ConfigMap (a Kubernetes object that holds non-sensitive key-value configuration, mounted into Pods as env vars or files)
apiVersion: v1
kind: ConfigMap
metadata: { name: tasknote-config }
data:
LOG_LEVEL: "info"
FEATURE_BETA: "false"
You inject a ConfigMap into a Pod via envFrom: or volumeMounts:.
Secret (a Kubernetes object that holds sensitive data — passwords, tokens, keys — base64-encoded by default)
apiVersion: v1
kind: Secret
metadata: { name: tasknote-db }
type: Opaque
stringData:
DATABASE_URL: "postgres://app:supersecret@db:5432/tn"
Brutal honesty: "Secret" sounds encrypted. It is not. The default storage is base64, which is encoding, not encryption. Anyone with read access to etcd reads your secrets. Real protection requires:
- Encryption-at-rest in etcd.
- RBAC so only the right ServiceAccounts can read Secrets (Section 22).

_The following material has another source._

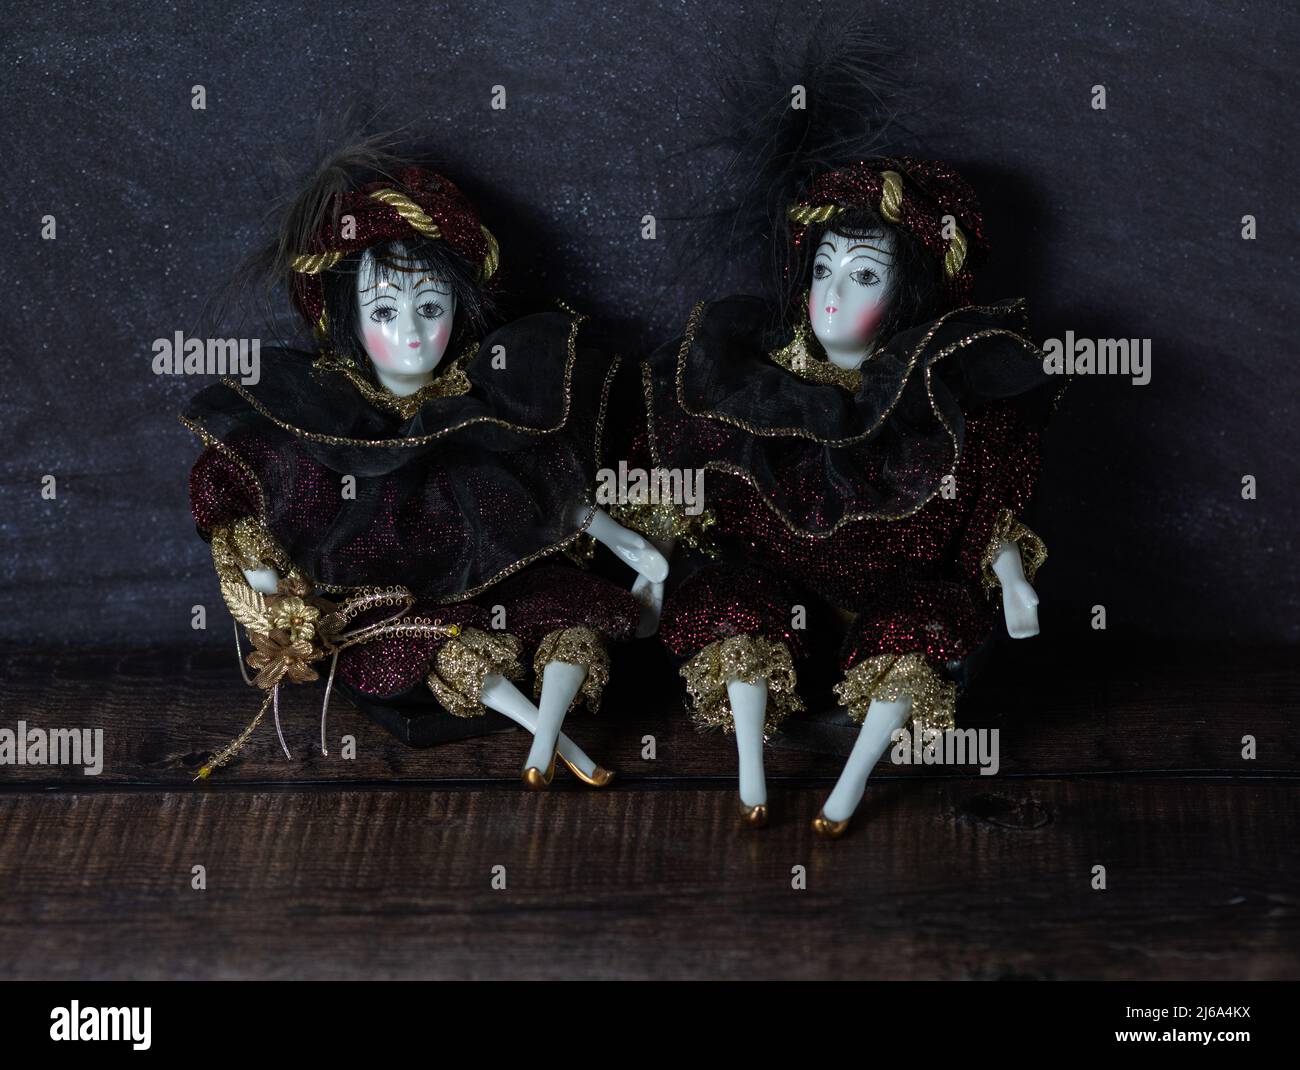 Giocattoli d'epoca in porcellana realistici con occhi grigi. Le bambole sono vestite con un abito da carnevale, decorato con oro. Vecchio stile italiano. Foto Stock

- Or one of the dedicated tools below.
Real solutions for real secrets
Common secret-in-Git tools: Sealed Secrets (Bitnami — encrypts a Secret so it is safe to commit), SOPS (Mozilla — encrypts YAML/JSON with a key), External Secrets Operator (syncs values from real vaults like HashiCorp Vault into K8s Secrets).
Real situation — TaskNote stores its DB password in a Sealed Secret. The encrypted file is committed to Git. Only the cluster's controller can decrypt it. Even a stolen Git copy reveals nothing.
18. Storage — Persistent Volumes and PVCs
Pods are stateless by default. When a Pod dies, its scratch disk dies with it. Databases need storage that outlives Pods.
PersistentVolume (PV) — the actual chunk of storage in the cluster
A PersistentVolume (PV) (a piece of storage in the cluster, provisioned by an admin or dynamically, with its own lifecycle independent of Pods) is the real disk — an EBS volume, a Ceph block device, an NFS share.
PersistentVolumeClaim (PVC) — a Pod's request for storage
A PersistentVolumeClaim (PVC) (a Pod's request for a piece of storage with a specific size and access mode) is how a Pod asks for storage without knowing the details of what backs it.
Think of it like… an apartment rental. The PV is a real apartment in the building. The PVC is a tenant's request: "two rooms, this size, near a metro." The cluster matches them.
StorageClass — template for dynamic provisioning
A StorageClass (a named template that describes how to provision new PVs on demand — e.g., from an EBS driver, from local SSDs) lets you skip pre-provisioning. The cluster creates a PV when a PVC asks for one.
# A PVC asking for 5 GB of fast storage.
apiVersion: v1
kind: PersistentVolumeClaim
metadata: { name: tasknote-uploads }
spec:
accessModes: [ReadWriteOnce]
resources: { requests: { storage: 5Gi } }
storageClassName: fast
The Pod then mounts the PVC by name.
19. Stateful Workloads — StatefulSet, DaemonSet, Job, CronJob
Deployment is for stateless apps. Some workloads need different controllers.
StatefulSet (a controller for Pods that need stable network identity and stable per-Pod storage — used for databases and queues)
Each Pod gets a predictable name (db-0, db-1, db-2) and its own PVC. They start in order. Useful for clustered databases that care which Pod is "primary."
Real situation — running PostgreSQL with replication on K8s uses a StatefulSet so the primary Pod always has the same name and disk after a restart.
DaemonSet (a controller that runs exactly one Pod on every node — used for per-node agents)
Logging agents, monitoring agents, network plugins — anything that has to run on every machine. When you add a node, a DaemonSet Pod appears on it automatically.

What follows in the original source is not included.